I love my mom, but she wouldn't know a soft-fault if it hit her on the head. She just knows it's too slow.
Comments
- Anonymous
March 15, 2004
The comment has been removed - Anonymous
March 15, 2004
I think you and I are both saying that space matters, even though Mom doesn't think it about it much. And sometimes it matters in not the way you were told :) - Anonymous
March 15, 2004
here's a good company/team motto:
"We care about space so your mom doesn't have to."
:) - Anonymous
March 16, 2004
That's very true. Space matters less every day, too. People who find a program and consider themselves good with computers may (the numbers who will are dwindling :) complain about how horribly big Windows XP is, for instance. ;) But as technology progresses it matters less and less.
As far as smaller programs being faster, that may be true in general, but it's not always true. If you save 10% of your space by using an archive format the decompresses using ten times as many CPU cycles, it's a judgment call. Well, it depends on how many CPU cycles you already have, but if your decompressor was already slow I don't think it's clear cut.. Usually, though, yes, hard drives are far slower than even the worst of errors you can make that don't use them. - Anonymous
March 16, 2004
Now that CPU's are so fast compared to memory, reducing the memory footprint is often the best way to increase speed. Time is becoming proportional to space, more and more, every year.

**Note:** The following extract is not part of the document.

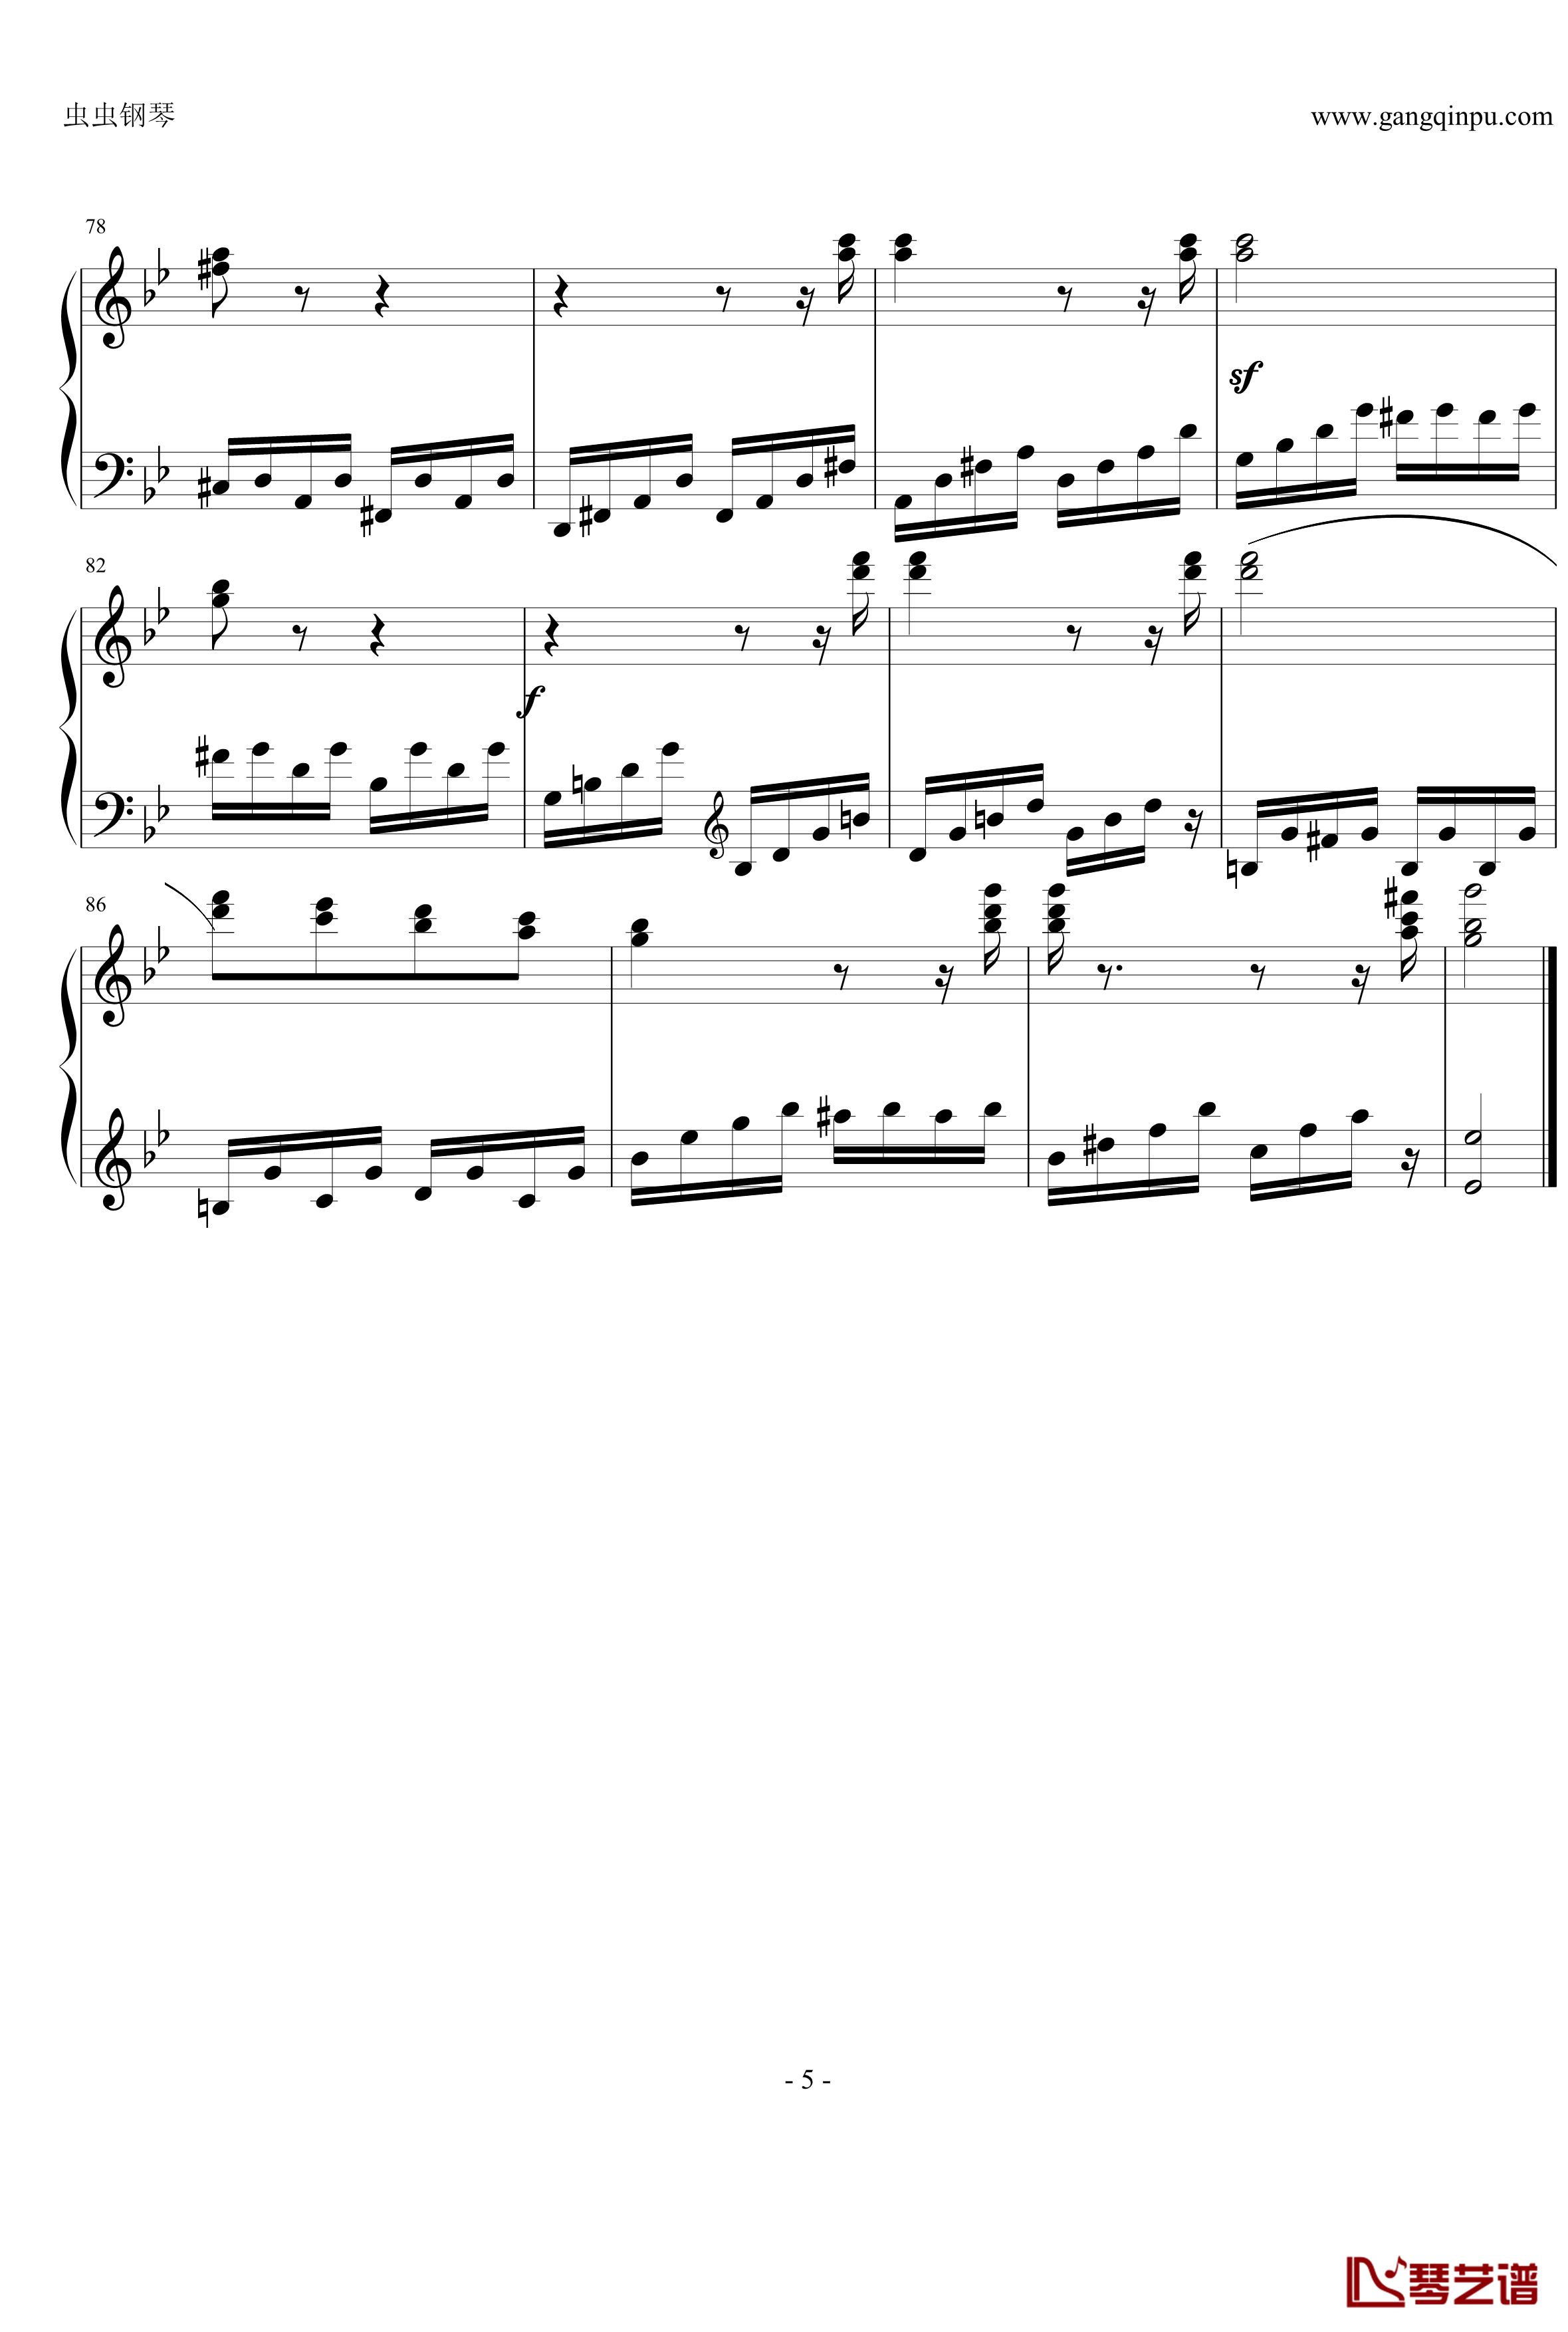 热情奏鸣曲钢琴谱-第三乐章简化改编版-贝多芬-beethoven5

I used to optimize for speed by focusing on the code executed. Now I tend to focus on the size of repeated data structures. - Anonymous
March 16, 2004
James writes that "Space matters less each day" but I don't think I can agree with that. I think I like Frank's position better "CPU's are so fast compared to memory..."
Though main memory is getting more abundant, and disk is also getting more abundant, I think from that we can only conclude that footprint matters less. For example I think there are theme sets we ship with Windows XP (bitmaps, sounds, etc.) that rival the size of the entire Windows 3.1 distribution. Is this a bad thing? I don't think so... I think it's what people want and they can afford the disk footprint nowadays.
But when it comes down to memory used for core processing activities... space is the leading indicator of speed which is why we have to care about it so much, even though my mom doesn't.
Time-space tradeoffs are out there, but it's only by being very clever that you can actually gain speed by using space. Lacking that careful plan, bigger is slower and smaller is faster. And it's likely to become more so in the future. - Anonymous
April 03, 2004
When you say "time-space tradeoffs is bunk", I am a bit surprised. Early algorithmics (what you will find in Introduction to Algorithms, Cormen et. All) just assume independence between time to access 1 memory unit and overall memory consumption. But many recent algorithmic works (see the whole Data Streams theory) does not make such assumption any more. There is still a time-space tradeoff, but with a dependency between the time to access 1 memory unit and the overall memory consumption. - Anonymous
April 29, 2004
If your routine can fit into the L1 cache on your CPU of choice, then fine, small is good. However, there are times when bigger is better -- unrolling loops, replacing functions with inline code, etc., can all speed things up under certain circumstances (and indeed these are often done by compilers in the name of optimisation). There are no hard and fast rules, and it all depends on what the code in question is doing.
Also, given that (once the startup cost is paid) most apps spend 99% of their time waiting for the user to do something, speed is not really an issue. As the process that does 99% of the work on my PC during the day is the "System Idle Process", I'd rather Word was 50% slower and 50% smaller! - Anonymous
June 16, 2005
These are notes I took at Joel Pobar’s “What’s New in .NET 2.0” breakout session.
New Features
GZip... - Anonymous
June 25, 2006
PingBack from http://www.philosophicalgeek.com/2005/03/30/a-month-with-nunit/ - Anonymous
May 20, 2009
At Microsoft you can't say you're excited about anything you have to say that you're "super excited".